Engineering the future of genetic medicine
We continue to custom engineer molecules that are designed for therapeutic use within the human body to enable highly effective and specific in vivo applications across various areas of unmet need. Our uniquely flexible “CRISPR by design” platform enables a new generation of purpose-built, highly functional CRISPR tools and medicines for addressing the fundamental root causes of genetic disease, starting with neurodegenerative disorders including Amyotrophic Lateral Sclerosis (ALS). Our engineering-first technology overcomes long-standing industry bottlenecks and the present challenges of current CRISPR technologies to open up new target disease areas that were previously challenging to target and deliver critical CRISPR-based therapies to patients who need it most.
Scribe is the only company engineering “CRISPR by design.” Our holistic approach to design and engineering, rather than “finding” makes it possible for us to continually expand our pipeline of genetic medicines with additional CRISPR molecules and technologies, and in fact we do not use any molecules based on the first generation CRISPR-Cas9 systems. Rather, we have built our first suite of technologies on CasX to enable greater editing activity, specificity, and deliverability. We are engineering custom gene editing and delivery technologies to deliver potentially curative therapeutics for diseases of greatest unmet need and establish a new standard of clinical care for millions of people with genetic disease. By creating custom molecules specifically designed for therapeutic use within the human body, Scribe is driving the shift in therapeutic development from slow drug discovery to scalable biological design to develop safe and effective genetic medicines for use in the human body.

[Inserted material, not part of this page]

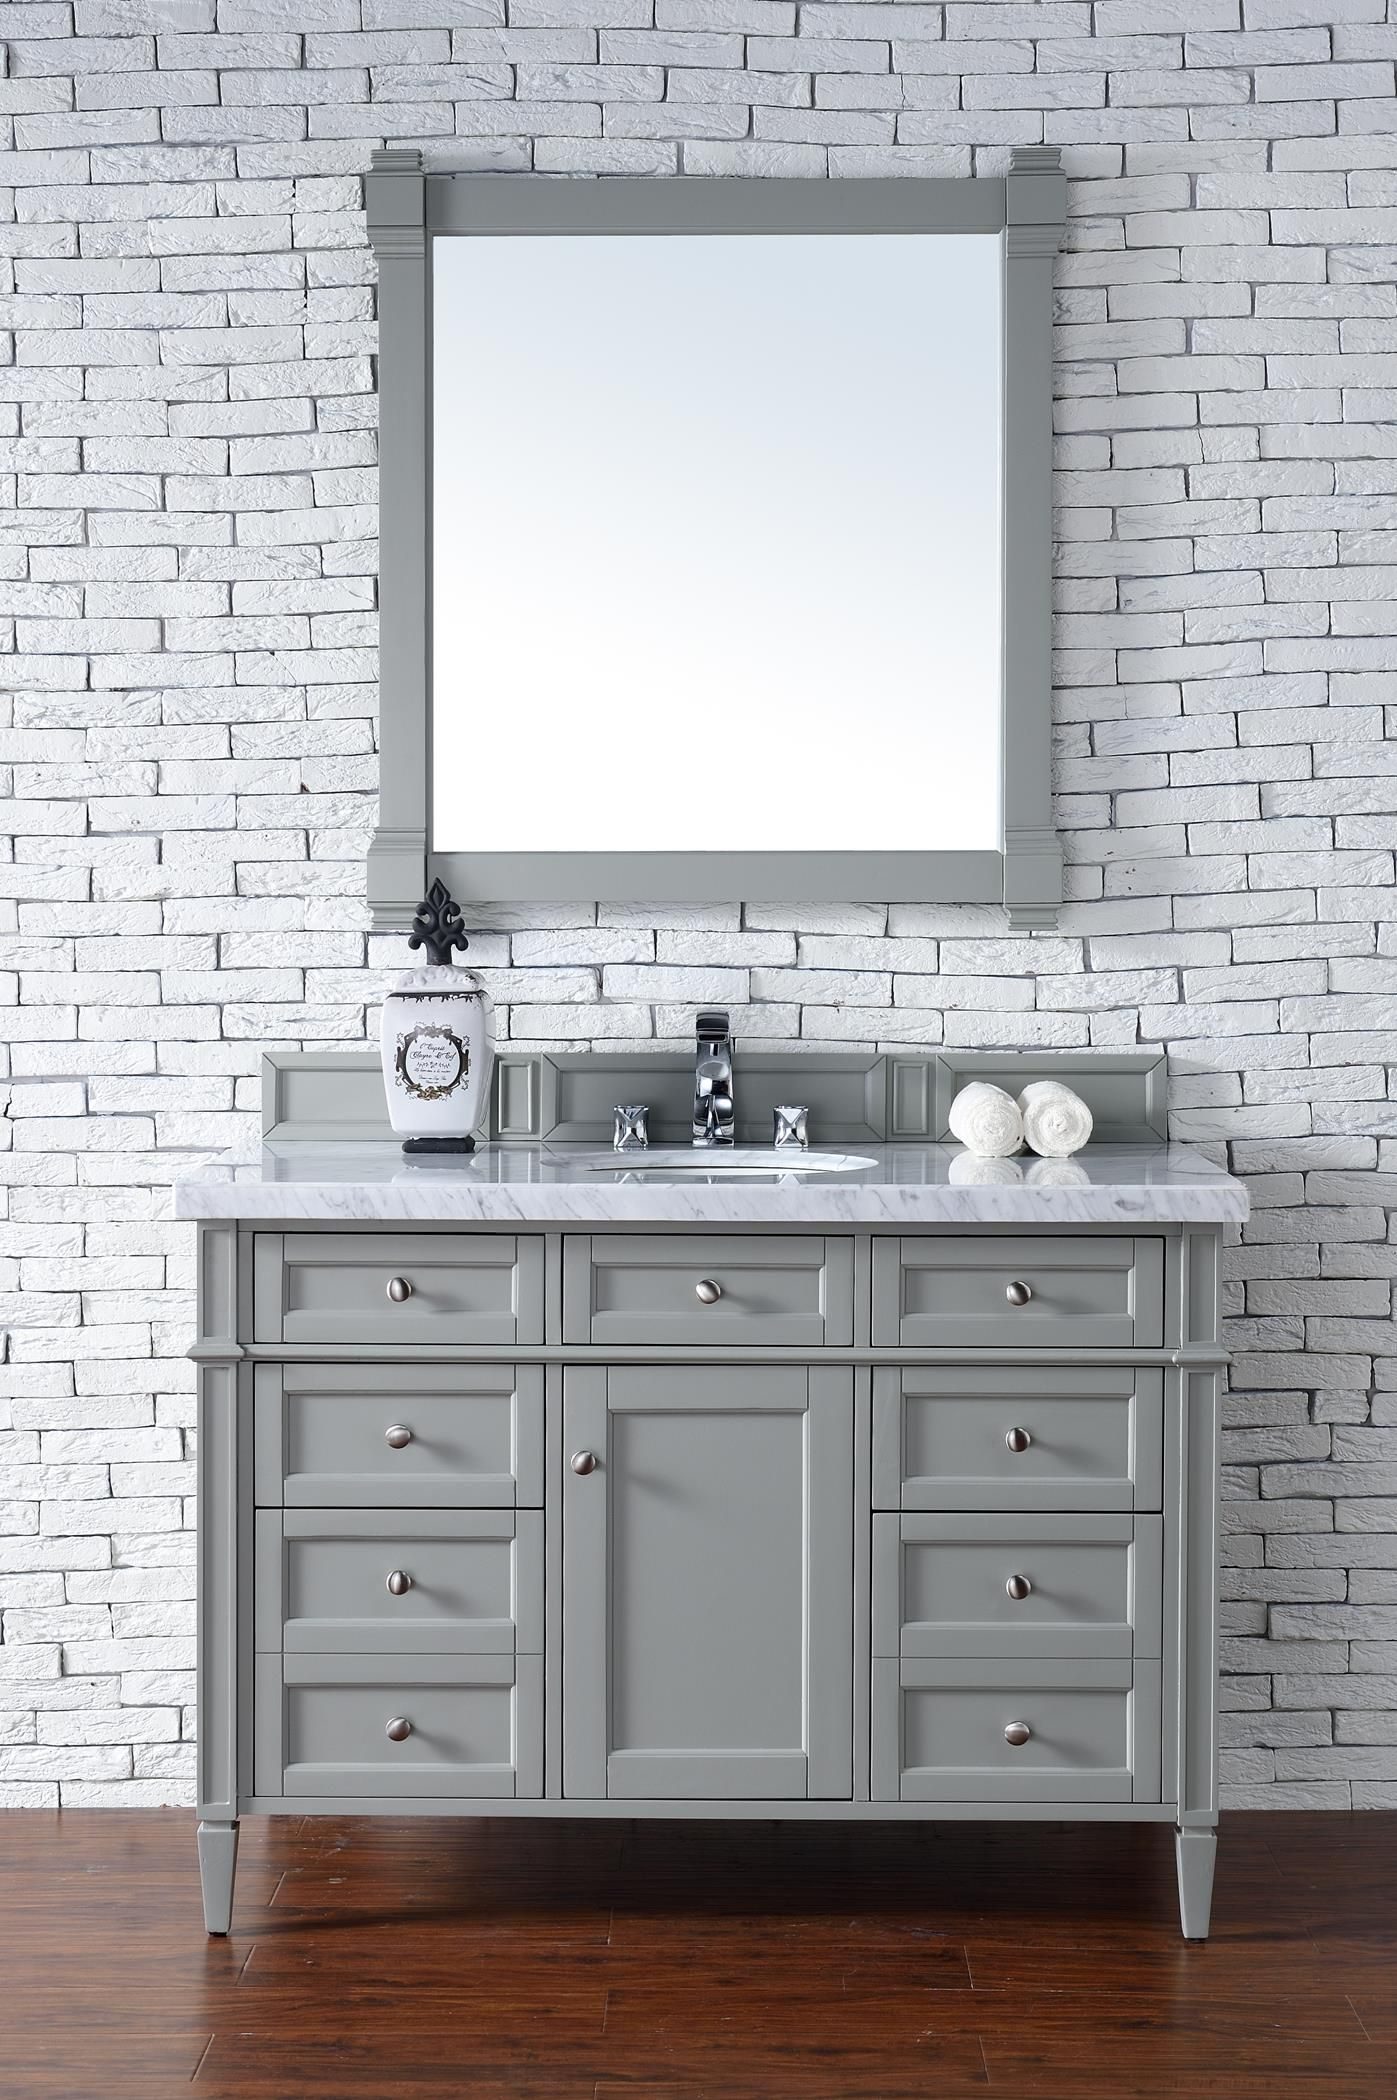 Brittany 48 Single Sink Bathroom Vanity Cabinet Urban Gray Finish Carrara Grey Bathroom Vanity Transitional Bathroom Vanities Single Sink Bathroom Vanity

In October 2020, we emerged from stealth to unveil a $400M+ collaboration with Biogen to develop and commercialize CRISPR-based therapies that address the underlying genetic causes of ALS. The unveiling of the first application of our technologies was accompanied by the announcements of our evergreen, proprietary “CRISPR by design” platform and initial $20M Series A financing led by Andreessen Horowitz. Our two teams are committed to expanding treatment for underserved genetic conditions. The terms of the collaboration include the additional option to pursue an additional neurological disease target of high unmet need through Scribe’s custom gene editing and delivery technologies. Scribe received $15 million upfront and is eligible for more than $400 million in potential development and commercial milestone payments between the two targets of interest, as well as tiered, high single digit to sub-teen royalties. In creating custom molecules specifically designed for therapeutic use within the human body, it is our first program driving the shift in therapeutic development from slow drug discovery to scalable biological design to develop safe and effective genetic medicines for use in the human body.